Assignment => Wherever pictures appear in the listing below, leave them out, and copy exactly, and only, everything from the line with "Aston Martin Vanquish" down to the line with "Neil Armstrong Air".

Input =>
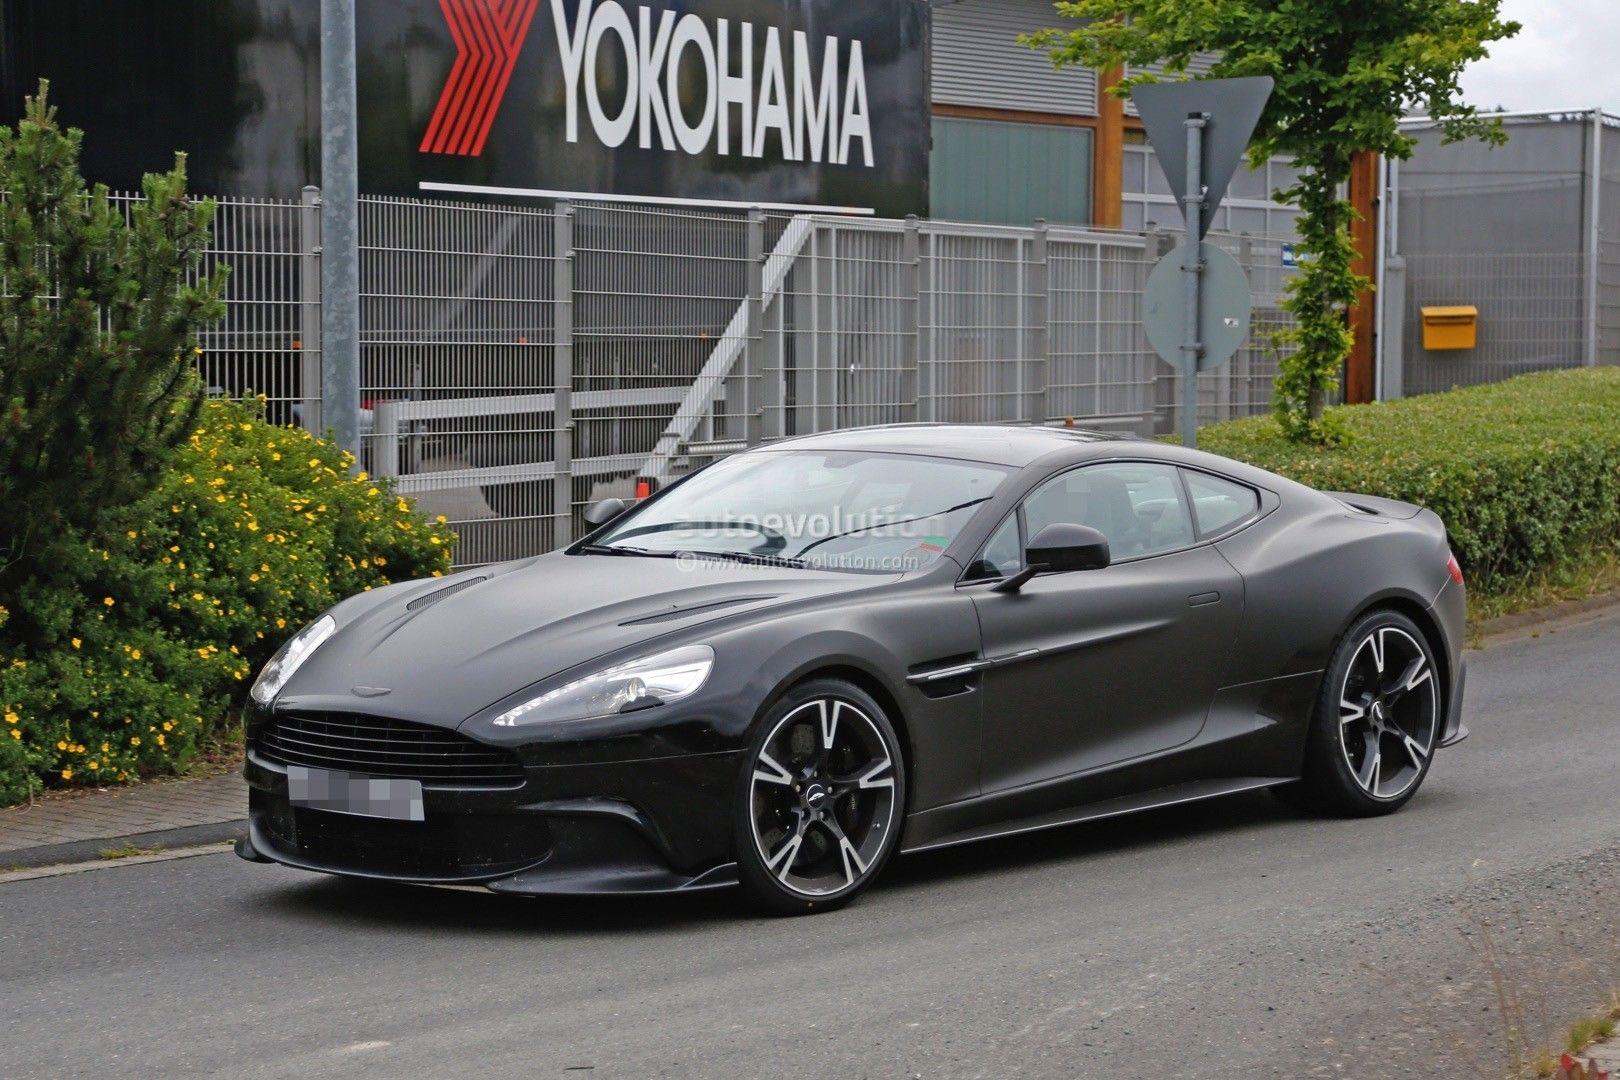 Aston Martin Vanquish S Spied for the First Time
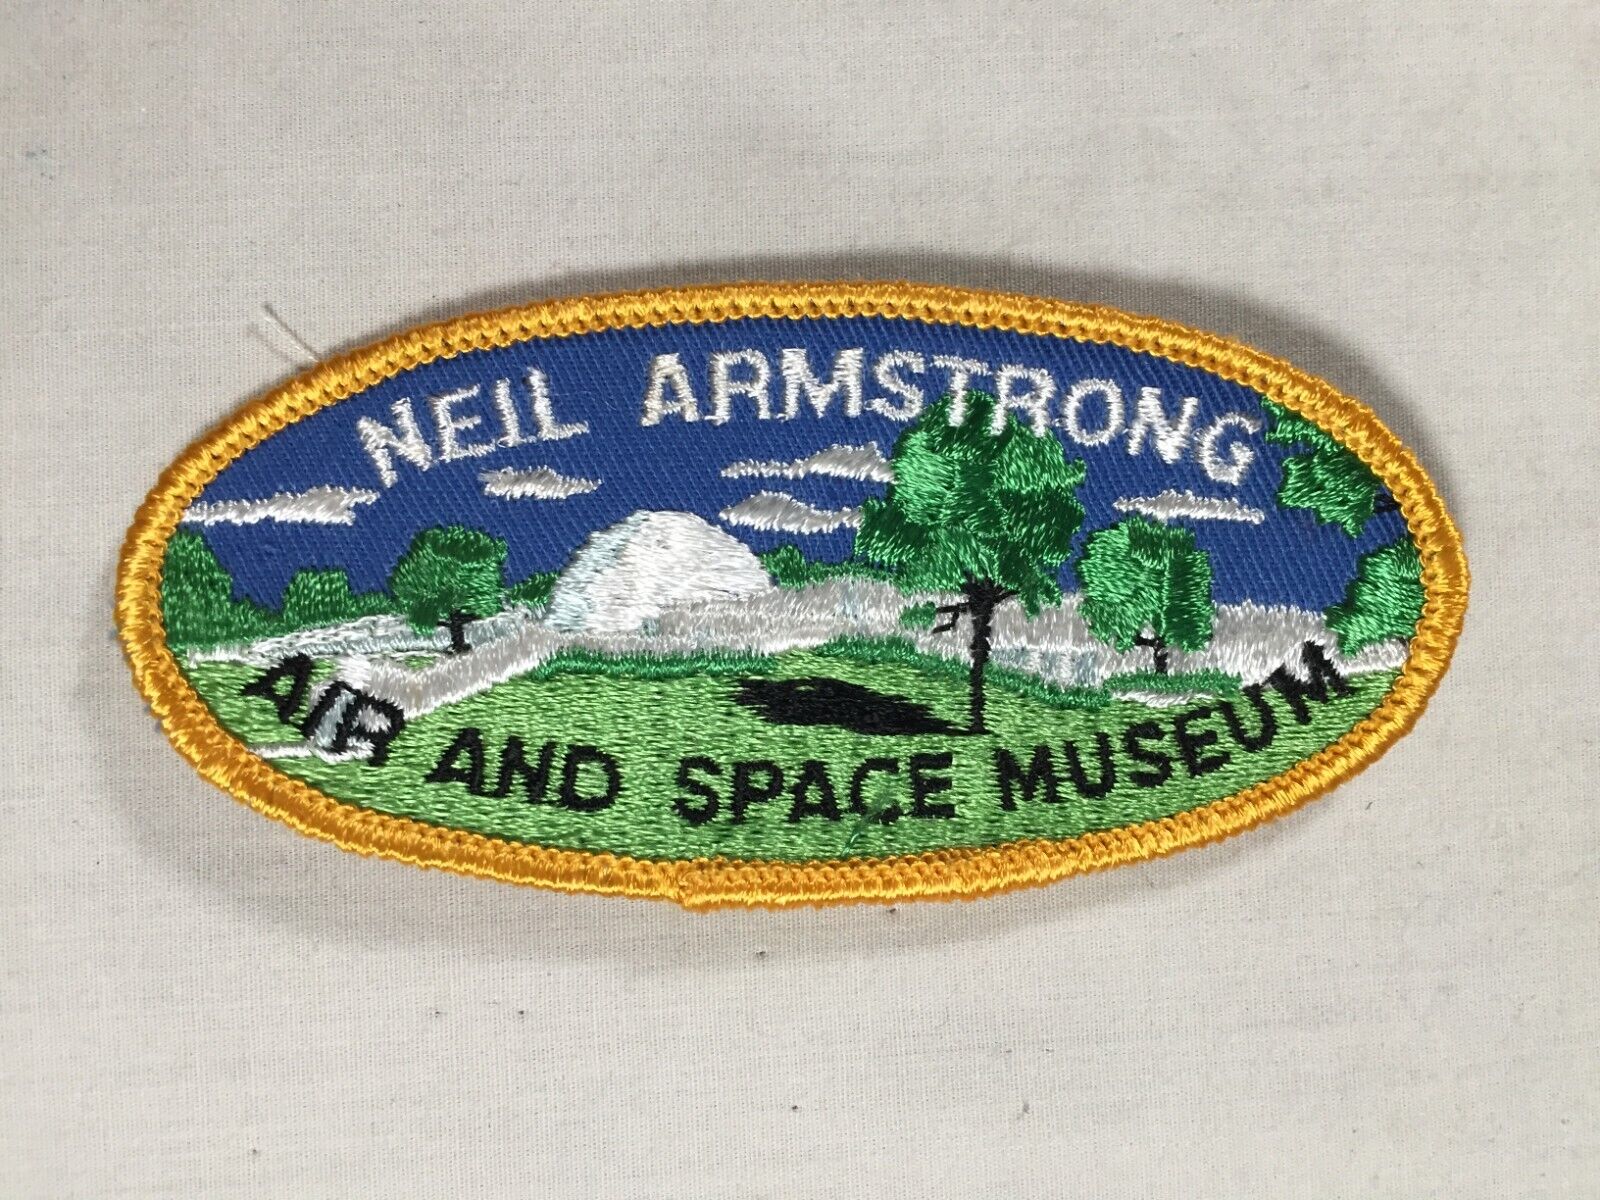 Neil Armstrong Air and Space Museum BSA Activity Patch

--

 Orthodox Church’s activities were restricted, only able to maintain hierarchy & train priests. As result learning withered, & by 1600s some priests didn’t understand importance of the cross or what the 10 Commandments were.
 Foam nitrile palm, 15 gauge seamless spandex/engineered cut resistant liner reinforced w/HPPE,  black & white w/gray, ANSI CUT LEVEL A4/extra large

Solution to the problem =>
 Aston Martin Vanquish S Spied for the First Time
 Neil Armstrong Air and Space Museum BSA Activity Patch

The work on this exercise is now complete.